Return the material below exactly, but only from the line with "Small Mantel Clock" through the line with "Óratorony, Kolostor templom, Kovácsok tornya", and without its pictures.

Supplied records
↓↓↓

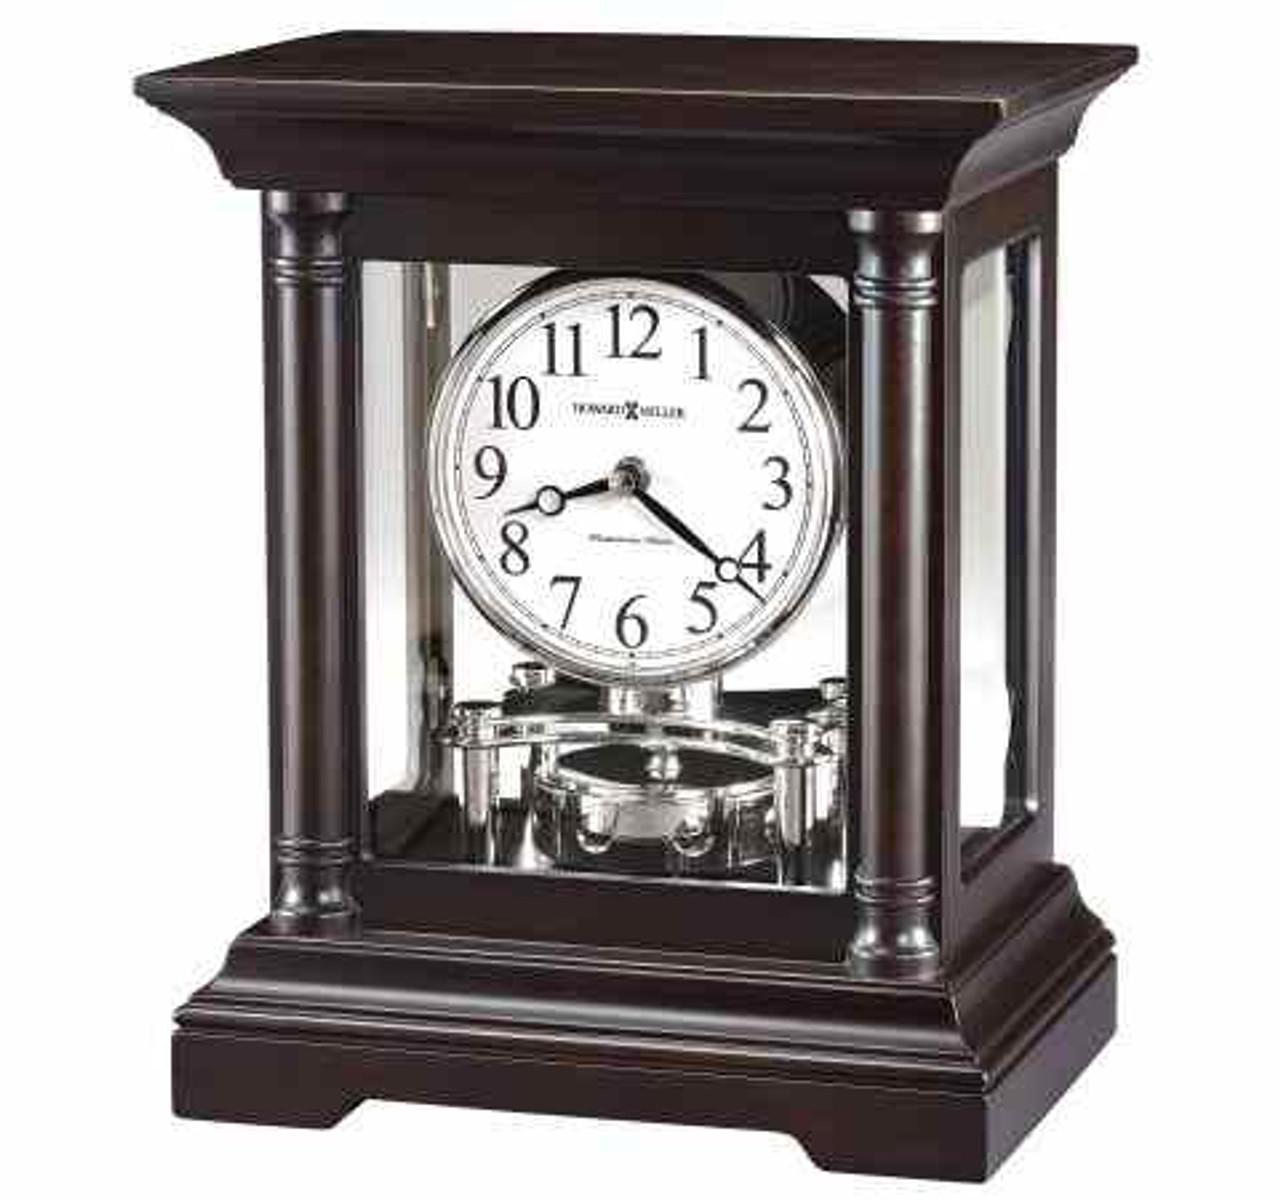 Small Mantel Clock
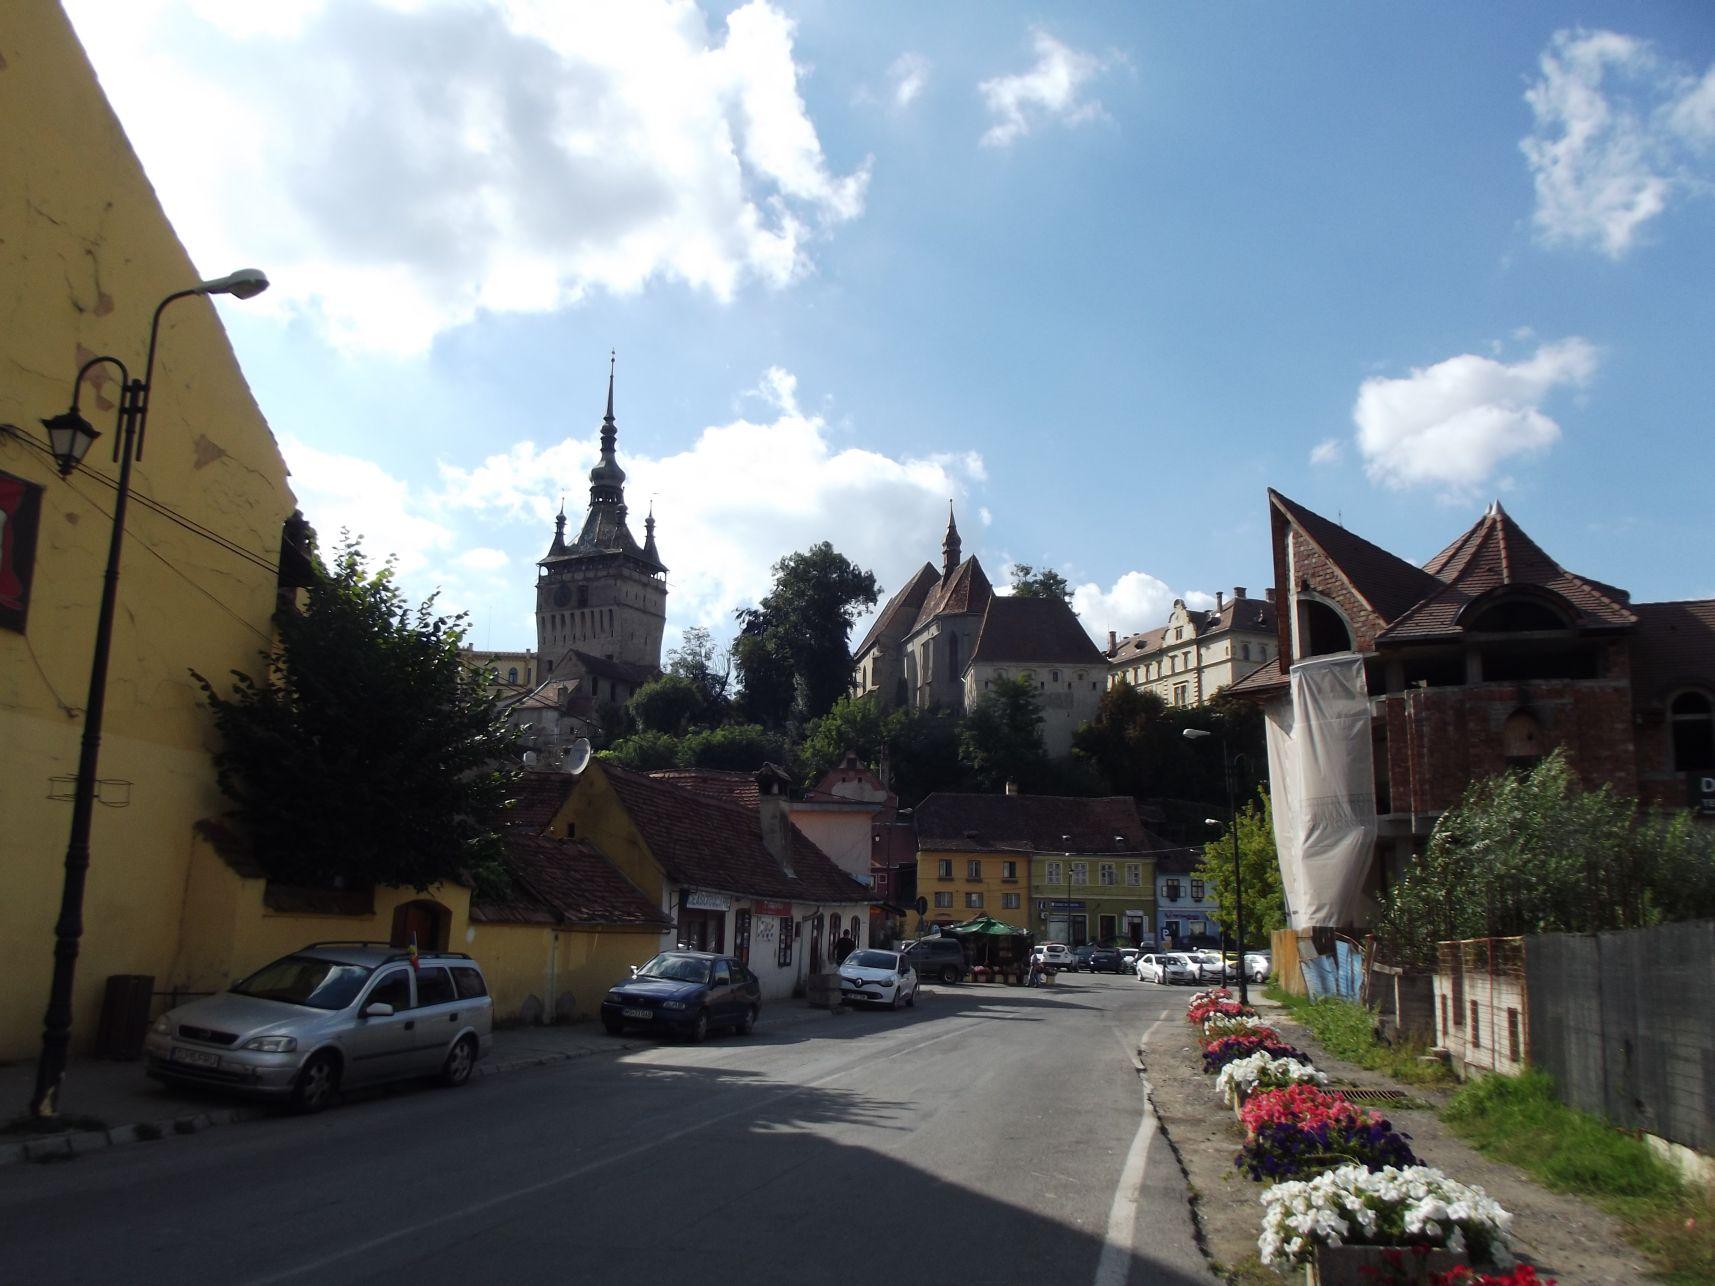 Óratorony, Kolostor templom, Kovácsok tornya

↑↑↑
↓↓↓

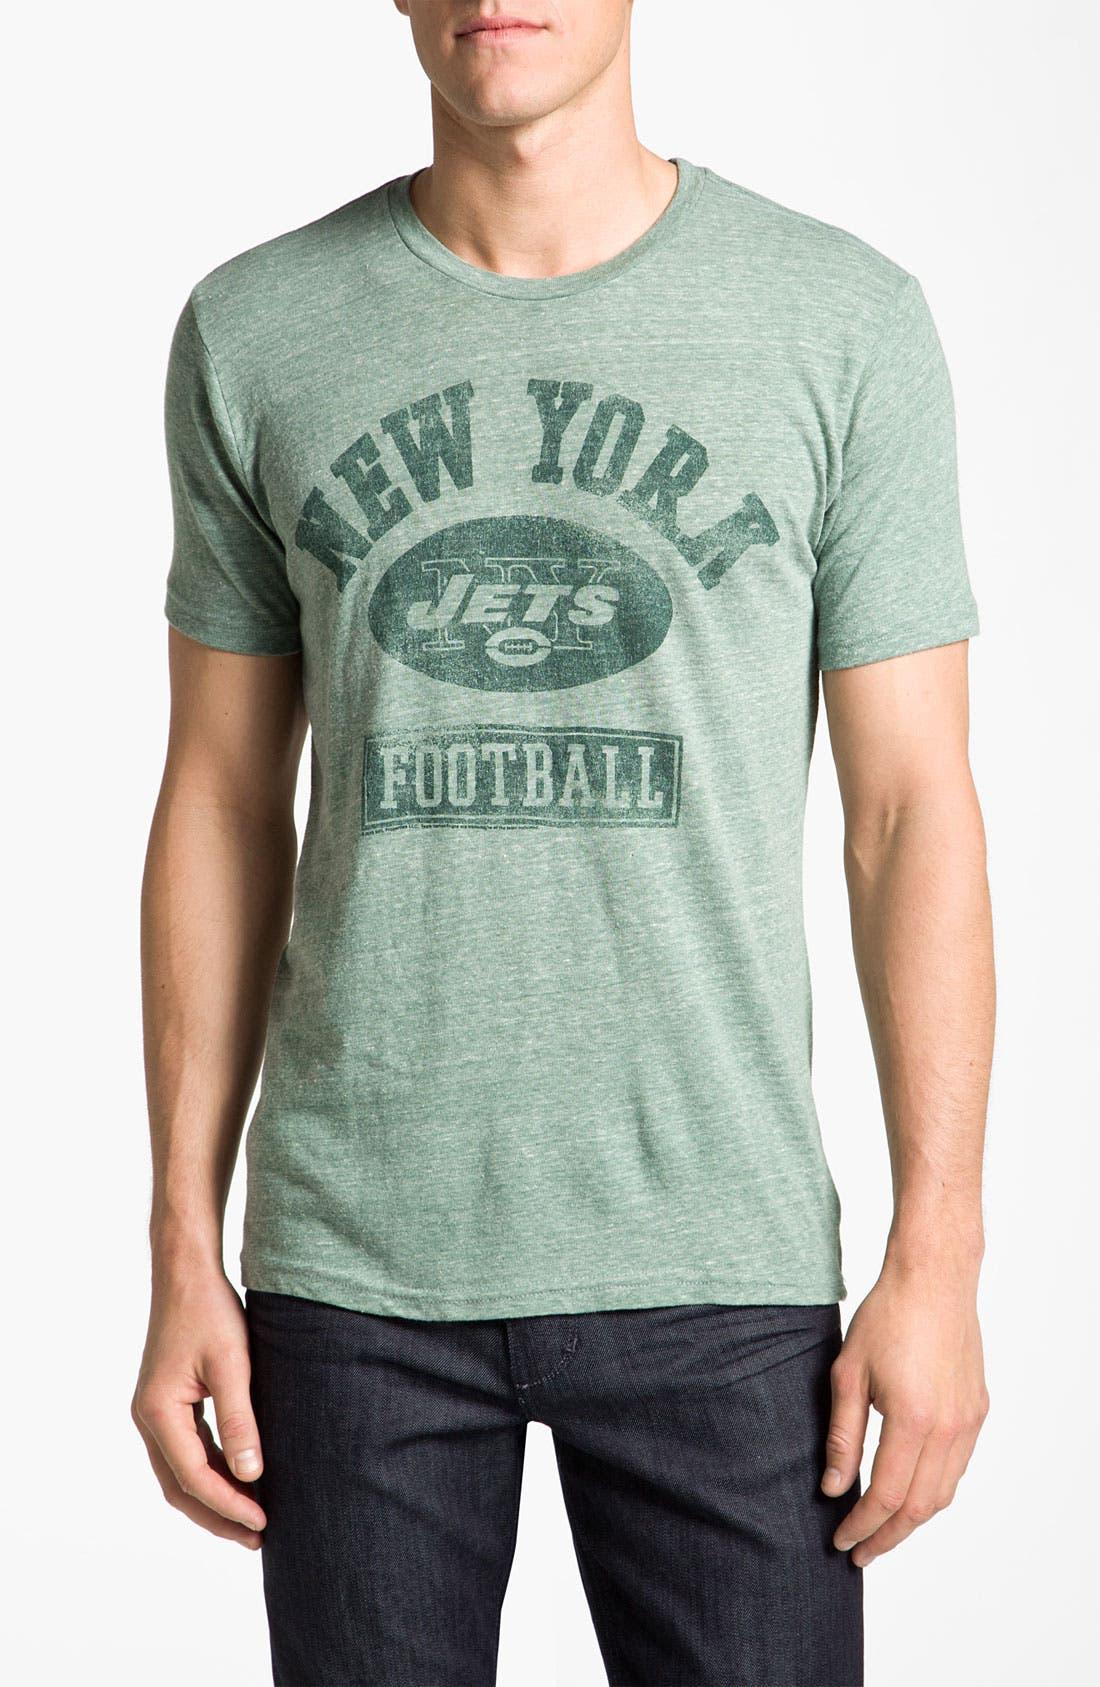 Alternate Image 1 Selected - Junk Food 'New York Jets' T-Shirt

↑↑↑
↓↓↓

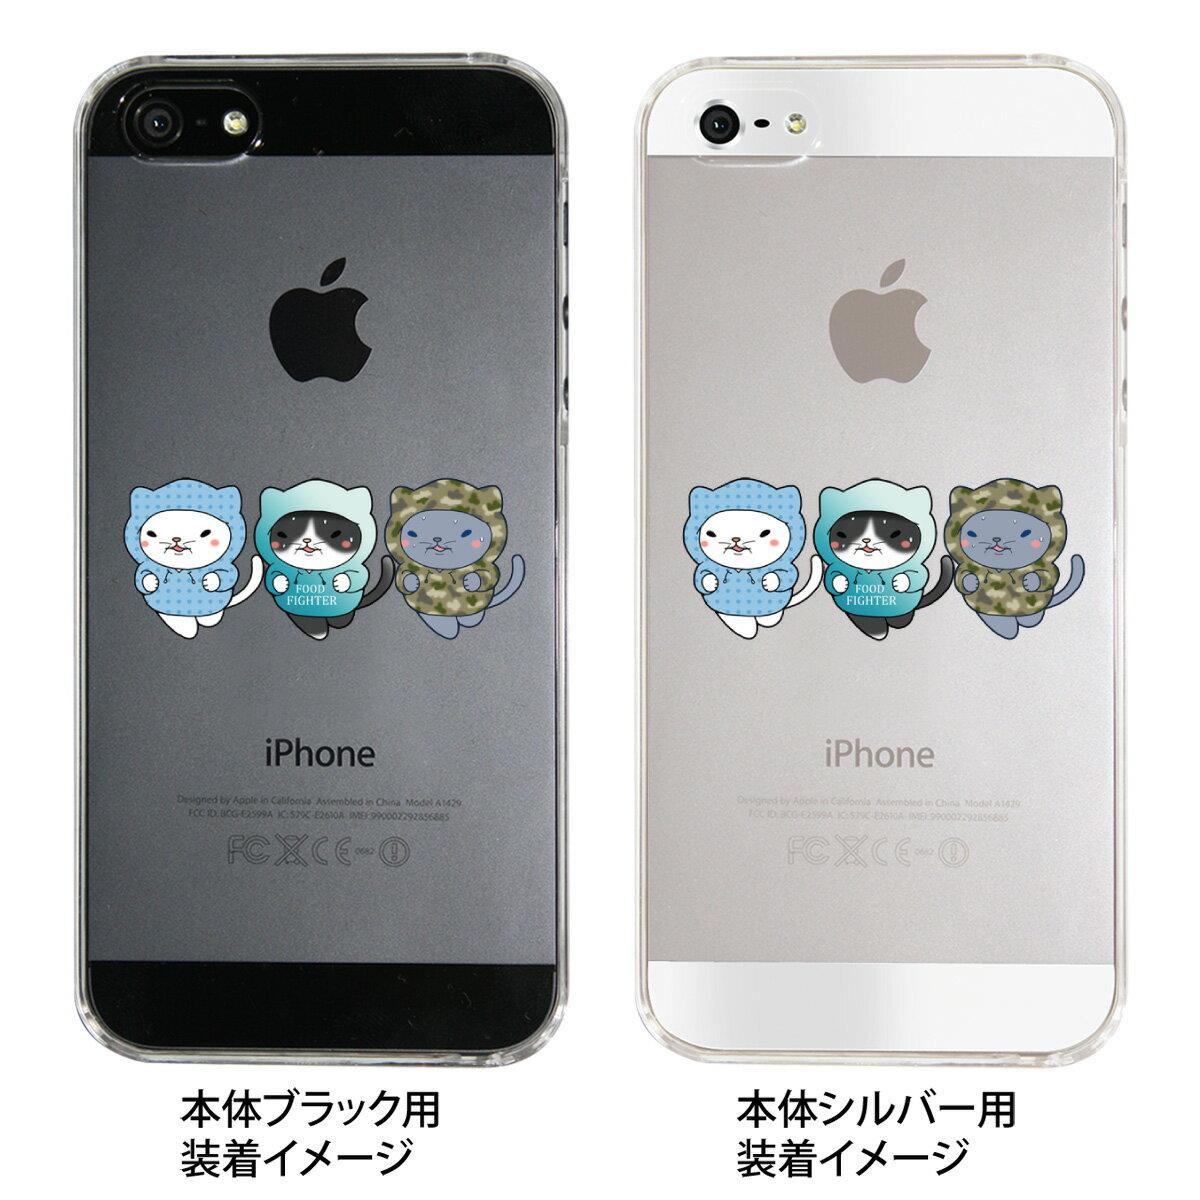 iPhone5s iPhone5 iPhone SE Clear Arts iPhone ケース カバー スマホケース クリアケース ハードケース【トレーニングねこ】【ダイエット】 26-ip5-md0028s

↑↑↑

Your solution
 Small Mantel Clock
 Óratorony, Kolostor templom, Kovácsok tornya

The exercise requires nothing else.